Lawrence LeBlond for redOrbit.com – Your Universe Online

Nearly five months after successfully launching, delivering and docking its first Cargo Resupply Services (CRS) mission to the International Space Station (ISS), next-generation space transport company SpaceX is about to launch round two.

“We’re about to launch and we’re happy to be here,” said Mike Suffredini, NASA program manager for the ISS at Johnson Space Center, kicking off the Falcon 9 prelaunch press conference yesterday.

The CRS-2 mission is set to launch this morning at 10:10 a.m. EST. At last report, Joel Tumbiolo, launch weather officer of the 45th Weather Squadron at Cape Canaveral, said there was an 80 percent chance that weather would remain favorable for launch. He further forecast a slight chance of wind and cloud cover.

Launch coverage for the launch will begin at 8:30 a.m. this morning on NASA TV and on the NASA/SpaceX blog. SpaceX will also webcast live beginning 40 minutes before launch, with commentary from the company’s corporate headquarters in Hawthorne, California.

“Quite a bit of work has been done by the SpaceX and ISS teams to get here. We’ve spent a few weeks getting the station ready,” said Suffredini.
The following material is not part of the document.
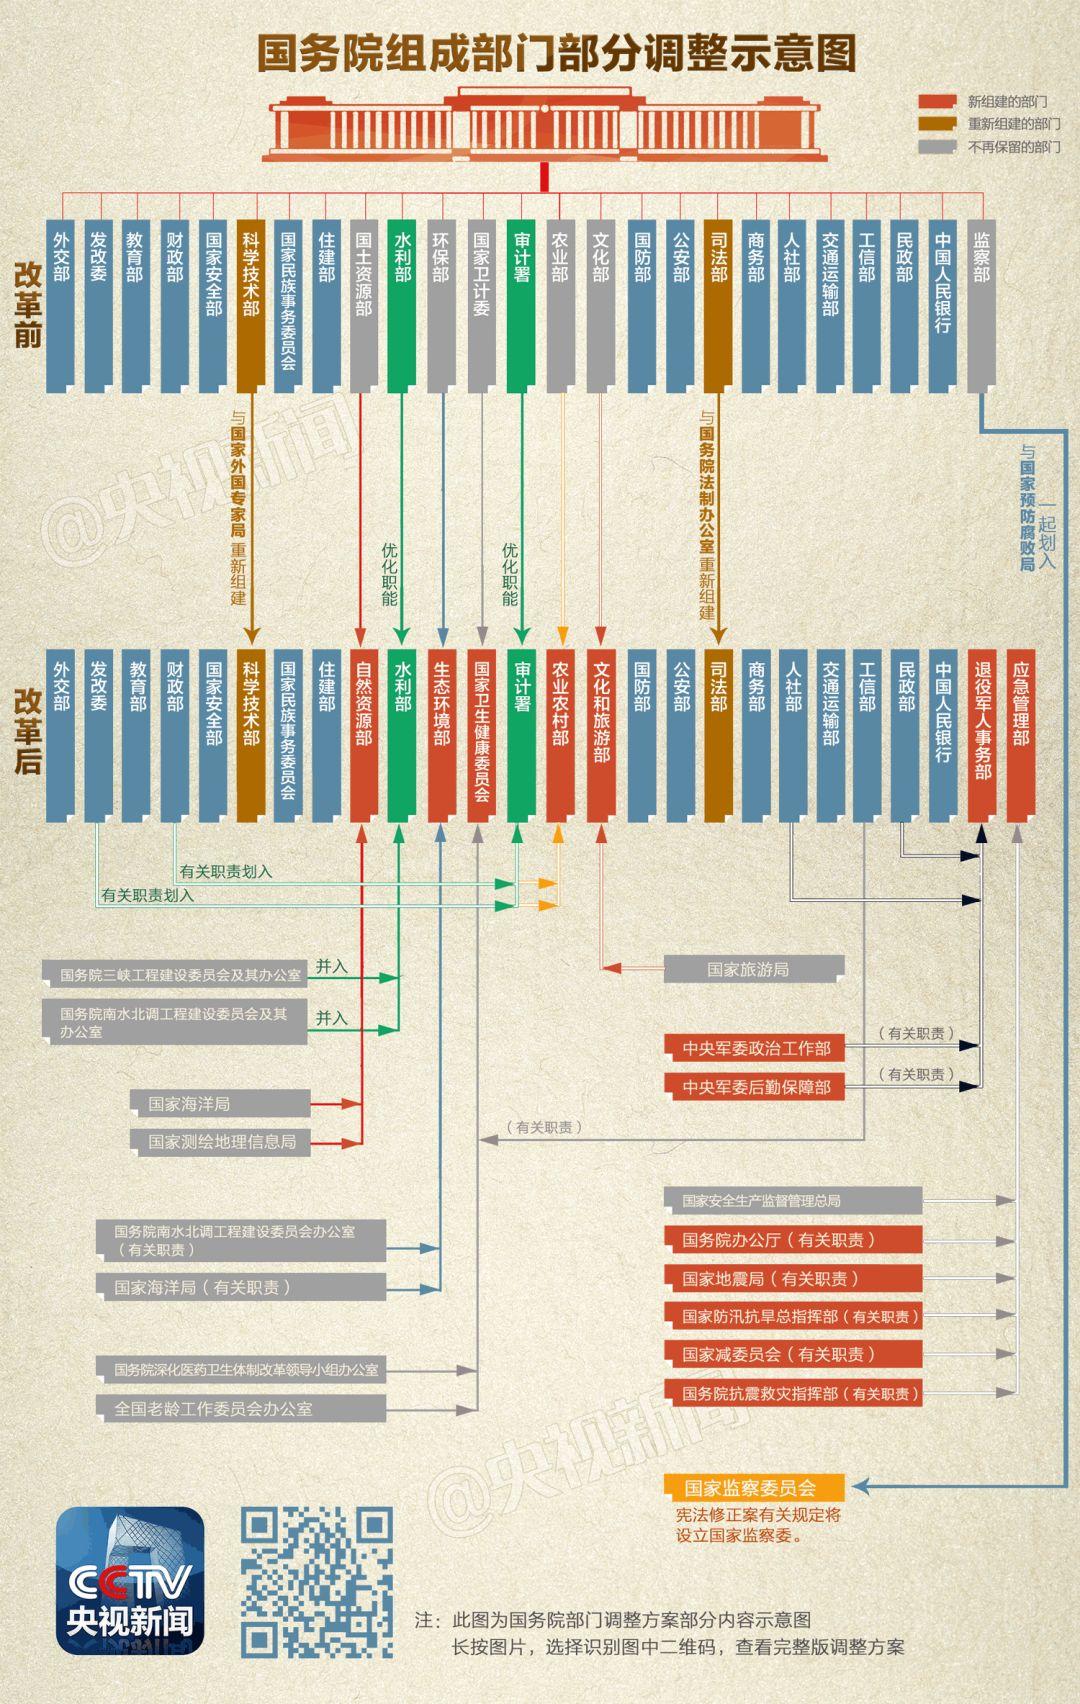 极简版!一张小图带你看清国务院机构改革方案

Gwynne Shotwell, president of SpaceX said everyone is “very excited to be back here” and we are “prepared to fly.”

This mission marks SpaceX’s third trip to the orbiting space station, and will be the second resupply mission. The company successfully launched a test mission in May 2012 to demonstrate its Dragon capsule was ready to service the ISS.

SpaceX signed a deal with NASA to send at least 12 missions to the ISS and to also return US astronauts to space, launching from American soil. The NASA/SpaceX deal is viewed as a replacement for NASA’s defunct Space Shuttle program, which ended in 2011. NASA currently pays Russia upwards of $60 million per seat to fly American astronauts to the ISS aboard the Soyuz capsule.

Today’s launch will lift off from Cape Canaveral Air Force Station at Space Launch Complex 40. The Dragon resupply capsule will be carried aboard the Falcon 9 rocket.

If all goes as scheduled, Dragon will arrive at the ISS on Saturday, March 2, where it will berth with the complex for a three-week visit. The crew aboard the station will unload cargo from the capsule and restock it with completed experiments, unneeded supplies and waste. Dragon will then undock on or around March 25 and return to Earth.

Dragon is currently the only cargo craft capable of returning supplies and experiments from the station for analysis. It will make an assisted splashdown by parachute off the coast of Baja California on or after March 25, where it and its cargo can be retrieved.

In contrast, the Russian Progress resupply ships burn up on reentry into Earth’s atmosphere, with no salvageable data.